The women have lost the splendour which usually marks their attire. Their embroidered, stiffly starched petticoats, flowered aprons and gay kerchiefs have disappeared, and instead they have put on more sombre garb, some cast off clothing of our civilization. The men, too, have left their gayer coats behind them, to wear the shoddy ones which neither warm nor become them.

Beneath the black cross which marks the boundary of the Polish town, they usually rest themselves. The cross was erected when the peasants were liberated from serfdom, and beneath it every wanderer rests and prays: every wanderer but the Jew, for whom the cross symbolizes neither liberty nor rest.

These towns which used to be buried in a cloud of dust in the summer and a sea of mud in the winter time; to which the peasant came but rarely, and then only to do his petty trading or his quarrelling before the law, are the first catch basins of the little percolating streams of emigration, and have felt their influence in increased prosperity. They are the supply stations where much of the money is spent on the way out, and into which the money flows from the mining camps and industrial centres in America. One little house leans hospitably against the other, a two-story house marks the dwelling of nobility, and the power of the law is personified in the gendarmes, who, weaponed to the teeth, patrol the peaceful town.

In Russia, before one may emigrate, many painful and costly formalities must be observed, a passport obtained through the governor and speeded on its way by sundry tips. It is in itself an expensive document without which no Russian subject may leave his community, much less his country. Many persons, therefore, forego the pleasure of securing official permission to leave the Czar’s domain, and go, trusting to good luck or to a few rubles with which they may close the ever open eyes of the gendarmes of the Russian boundary. Austrian and Italian authorities also require passports for their subjects, but they are less costly and are granted to all who have satisfied the demands of the law.
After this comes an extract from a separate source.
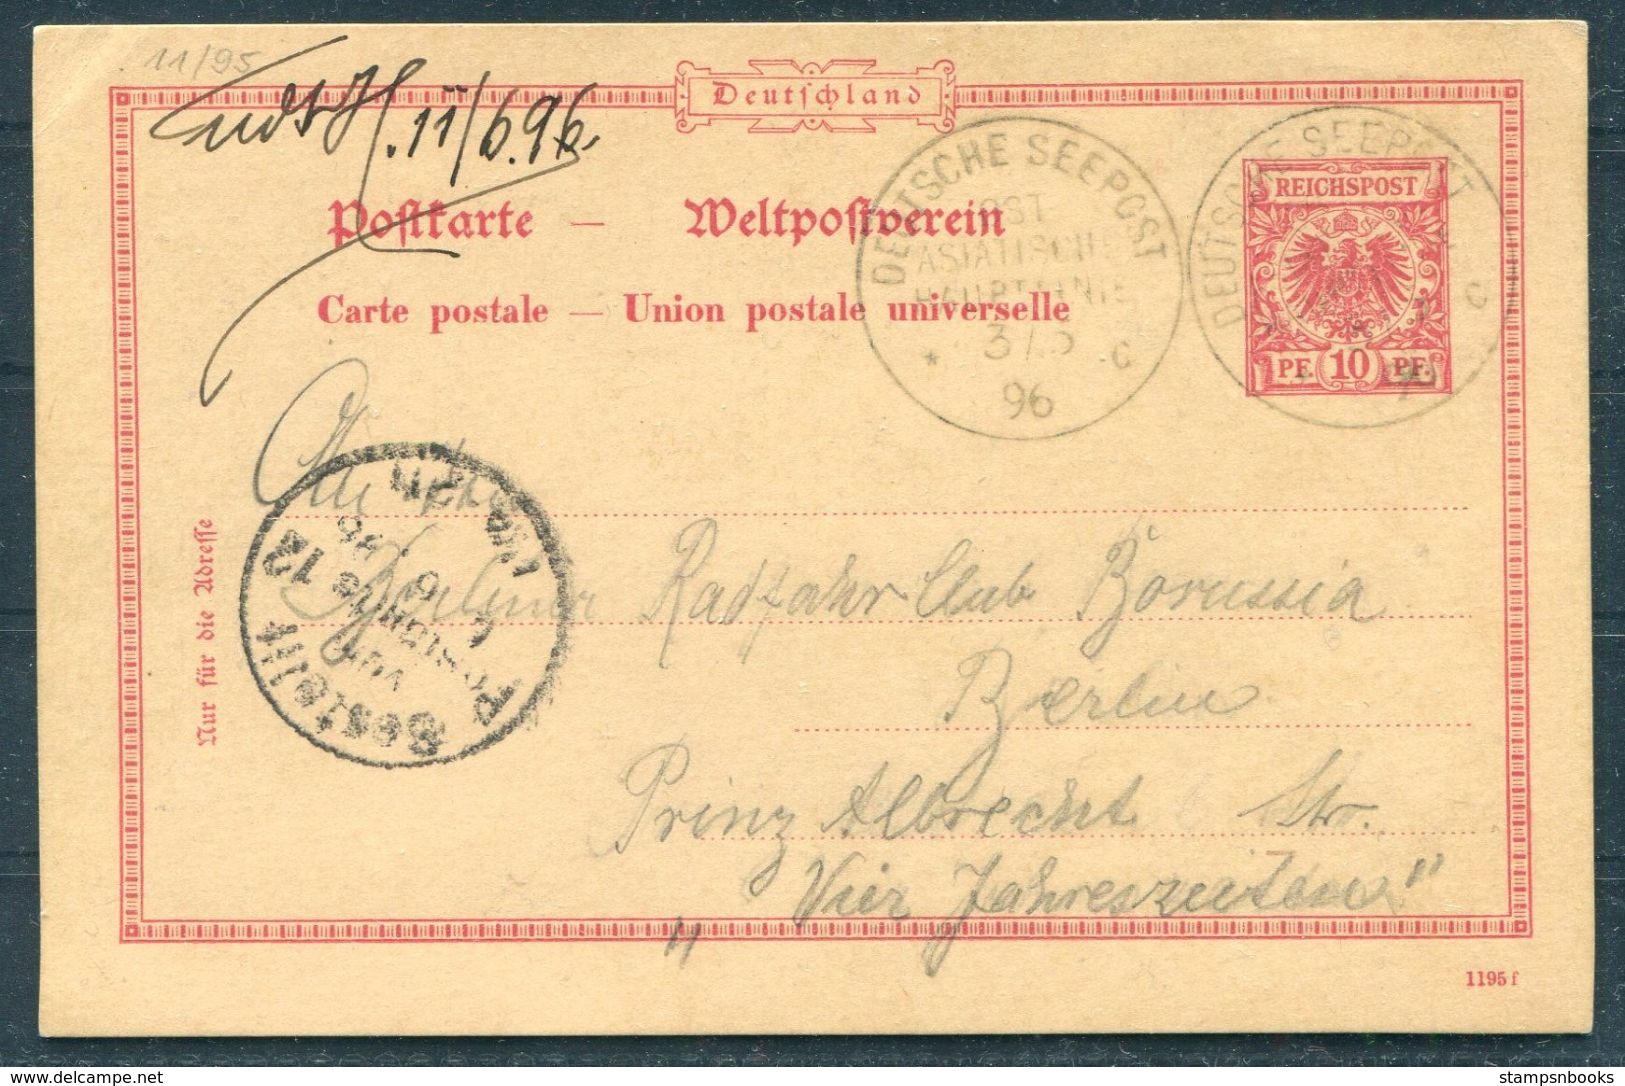 1896 China Germany Stationery Postcard, Deutsche Seepost - Berlin. Ship OSTASIATISCHE HAUBTLINIE - Storia Postale

These formalities over, the travellers move on to the market square, a dusty place, where women squat, selling fruits and vegetables; the plaster cast and gaily decorated saints, stoically receiving the adoration of our pilgrims, who come for the last time with a petition which now is for a prosperous journey.
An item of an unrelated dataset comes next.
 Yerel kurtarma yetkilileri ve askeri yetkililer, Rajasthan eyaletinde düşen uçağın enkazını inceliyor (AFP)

There also, the agent of the steamship company receives with just as much feeling their hard earned money in exchange for the long coveted “Ticket,” which is to bear them to their land of hope.
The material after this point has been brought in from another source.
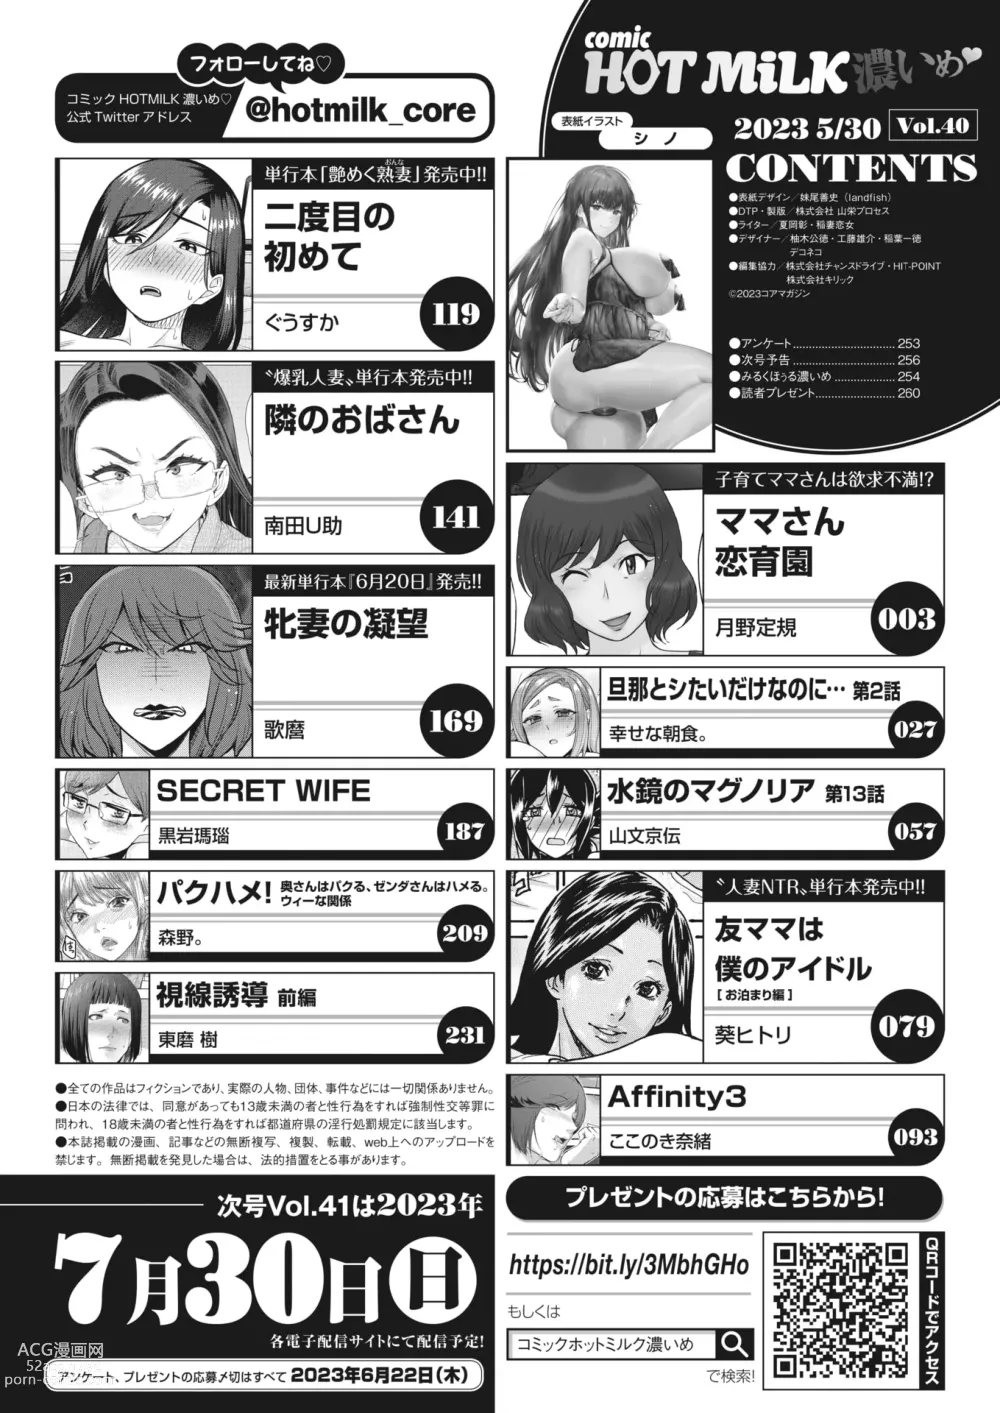 Page 3 of manga COMIC HOTMiLK Koime Vol. 40

From hundreds of such towns and squares, thousands of simple-minded people turn westward each day, disappearing in the clouds of dust which mark their progress to the railroad station and on towards the dreaded sea.

From the small windows of fourth-class railway carriages they get glimpses of a new world, larger than they ever dreamed it to be, and much more beautiful. Through orderly and stately Germany, with its picturesque villages, its castled hills and magnificent cities they pass; across mountains and hills, and by rushing rivers, until one day upon the horizon they see a forest of masts wedged in between the warehouses and factories of a great city.

Guided by an official of the steamship company whose wards they have become, they alight from the train; but not without having here and there to pay tribute to that organized brigandage, by which every port of embarkation is infested. The beer they drink and the food they buy, the necessary and unnecessary things which they are urged to purchase, are excessively dear, by virtue of the fact that a double profit is made for the benefit of the officials or the company which they represent.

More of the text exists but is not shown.